I have an image feature extraction problem. The input images are binary (black and white) and may contain blobs of approximately known area and aspect ratio. These need to be fit with ellipses using some best fit algorithm.
Example input:
Desired output:
There may be multiple blobs (zero or more), the number is not known in advance. The approximate area and aspect ratio of all the blobs is known (and is the same). How many are in the image, their position, orientation and actual size are what I'm trying to find. The output should be a best fit ellipse for each blob based on the actual found size and aspect ratio.
What makes this hard is noise and possible overlaps.
Example with noise:
Example with overlap and noise:
The noisy image may have holes in the blobs and also small other blobs scattered around. The small other blobs are not counted because they are too small and do not cover any area densely enough to be considered a real match.
The image with overlap should be counted as two blobs because the area is too big for a single blob to cover it well.
A possible metric that evaluates a potential fit is:
sum over all ellipses of (K1 * percent deviation from expected size + K2 * percent deviation from expected aspect ratio + K3 * percent of ellipse which is not black + K4 * percent overlapped with any other ellipse) + K5 * percent of rest of image which is black
for some suitably chosen parameters K1..K5. A perfect match scores 0.
I can see how to solve this using brute force, for example trying enough different possible fits to sample the search space well. I can't think off-hand of a method much faster than brute force.
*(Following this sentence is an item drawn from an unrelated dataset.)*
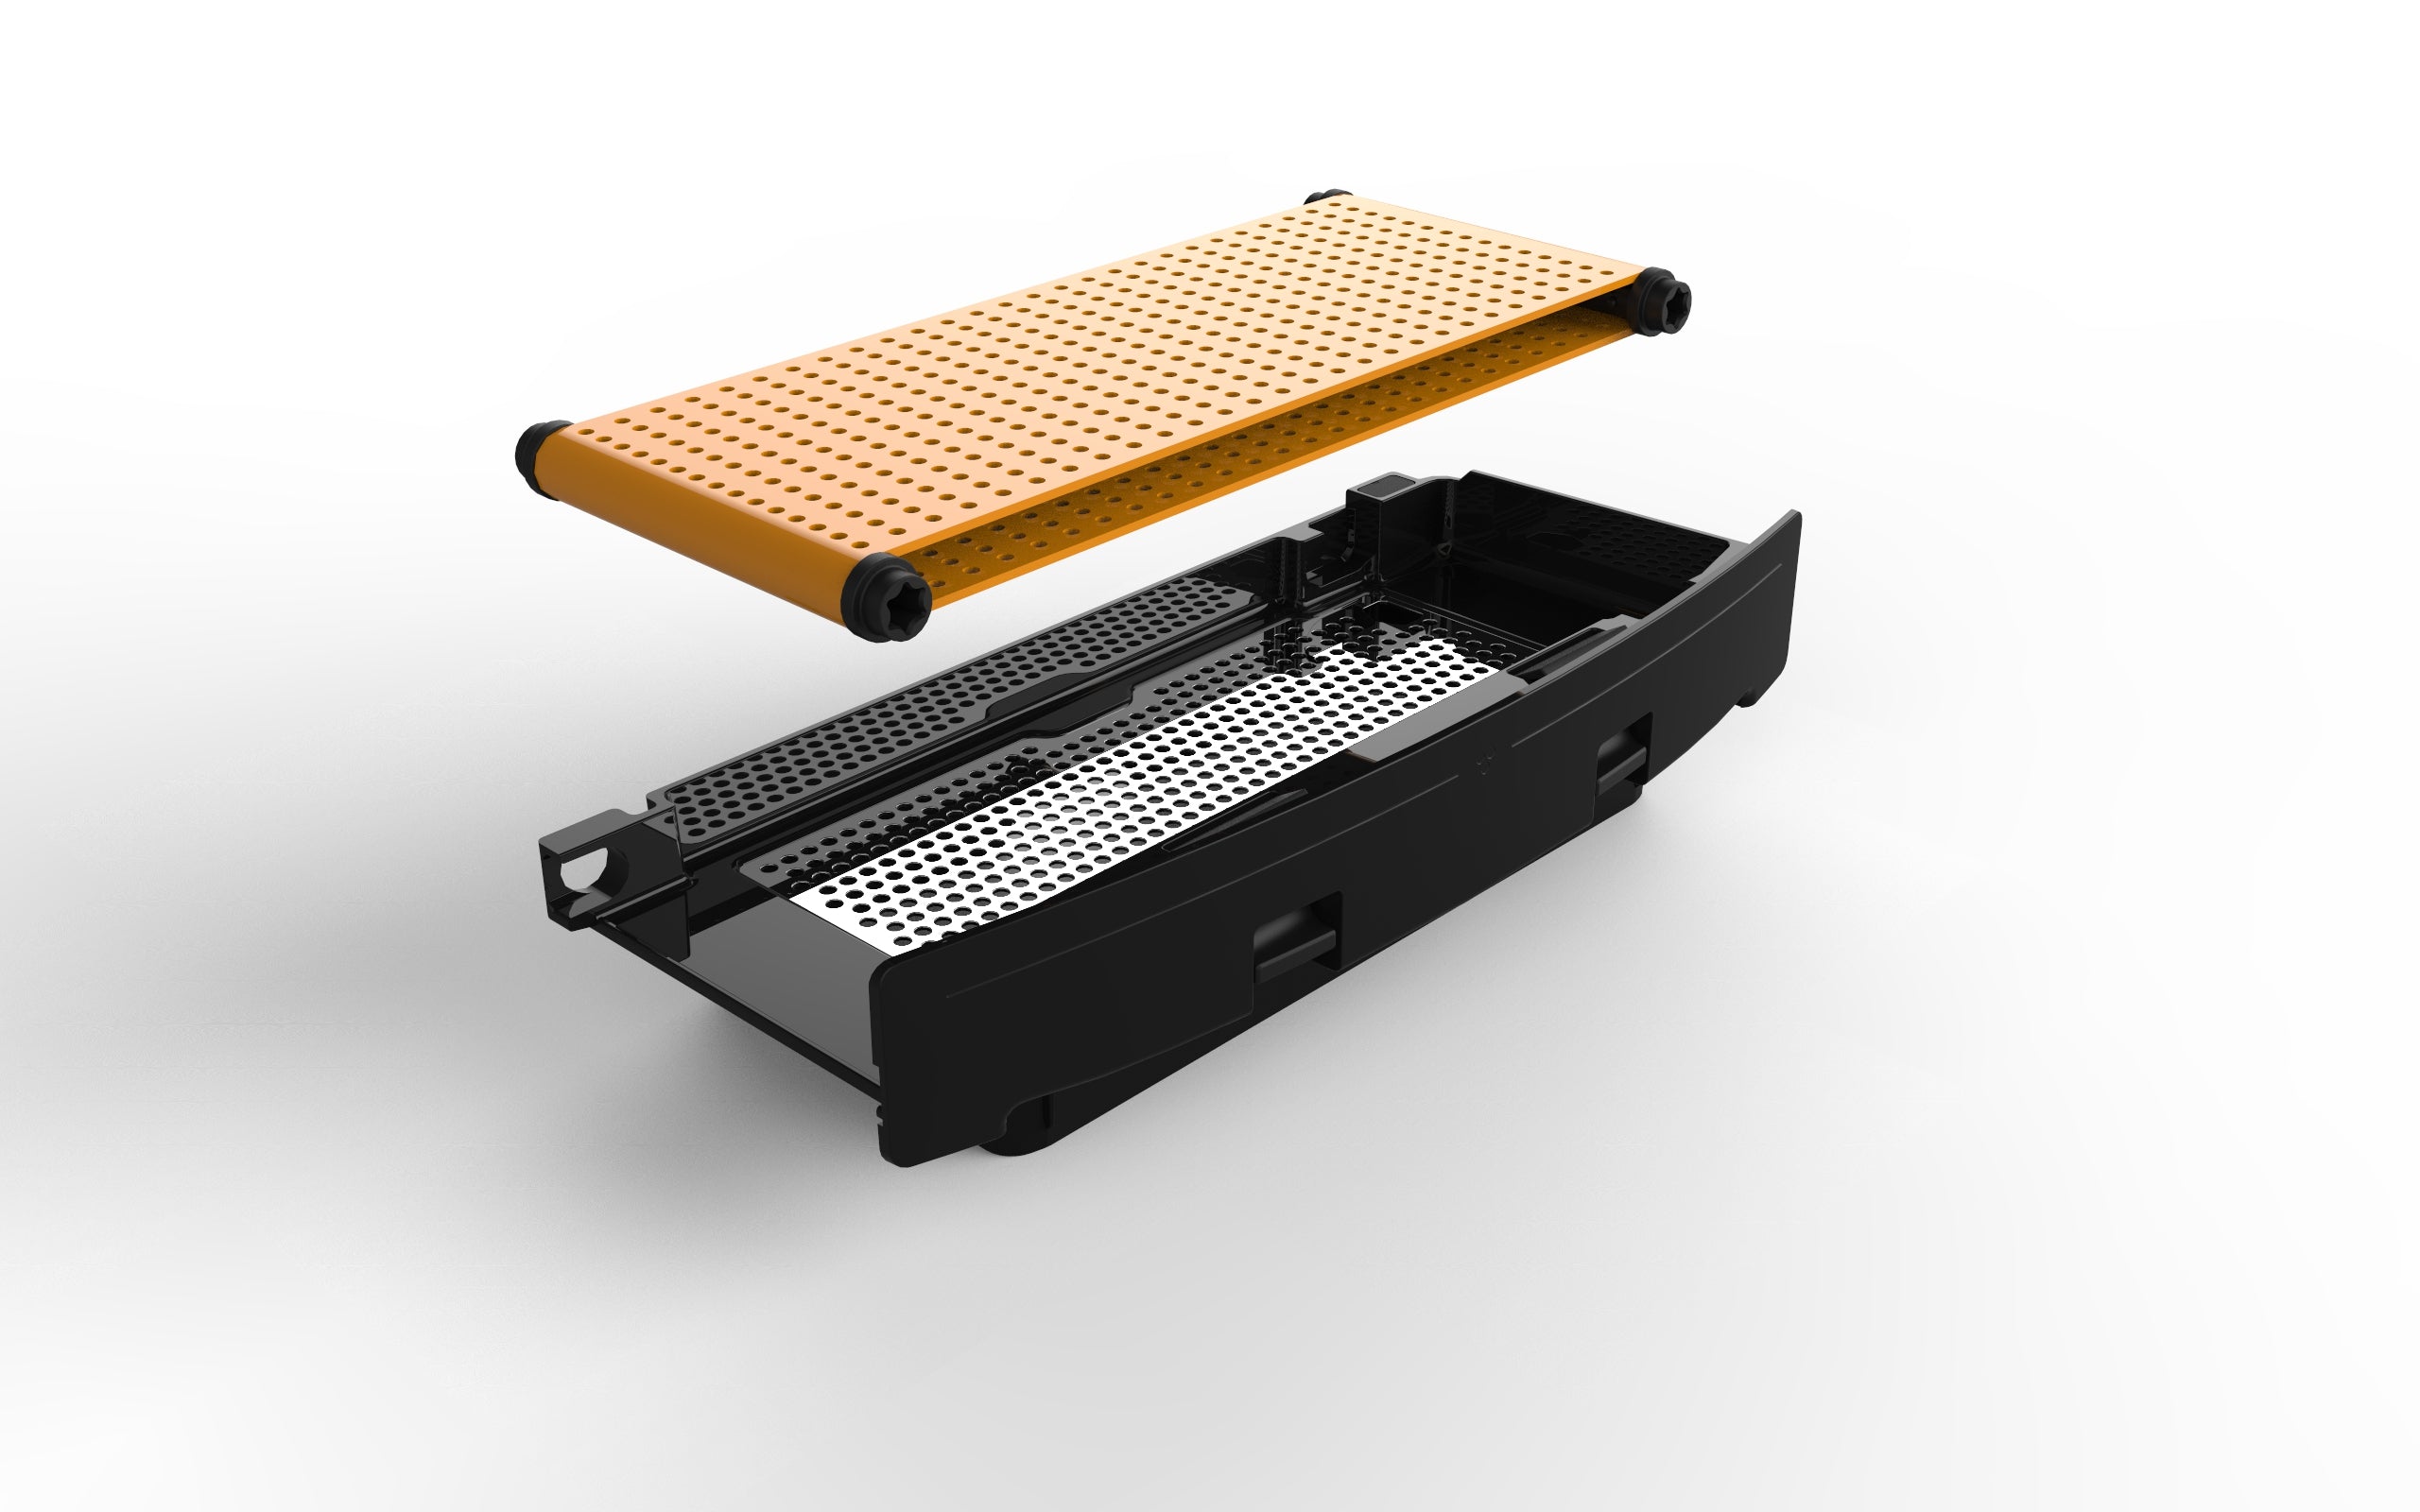 Zumex New Smart Versatile Pro All-in-One (BH) Juicer in Orange

I would prefer examples in python and/or opencv. I will try to implement and post any suggested solutions in python. Thanks!
P.S. It cannot be assumed that a blob is connected. There may be enough noise to break it up into discontinuous parts.
P.P.S. The little bits of noise cannot be removed by binary erosion. In some of my images, there are enough interior holes that erosion makes the whole (real) blob disappear if the image is eroded enough to make the noise bits disappear as well.
P.P.P.S. I think that it would be very hard to solve this using any approach based on contours. The data I see in practice has too much edge noise, there can be (and often are) bits of noise that connect separate blobs, or that separate a single blob into several (apparent) connected components. I would like an approach based on areas, since area coverage seems to be much less nosy than the edge shapes.
P.P.P.P.S. As requested, here is an example with a through cut due to noise:
and a sample with lots and lots of noise but nevertheless a distinct blob:
EDIT None of the answers actually solves the problem, although Bharat has suggested a partial solution which does well for non-overlapping blobs. More please :) I will award additional bounty to any actual solutions.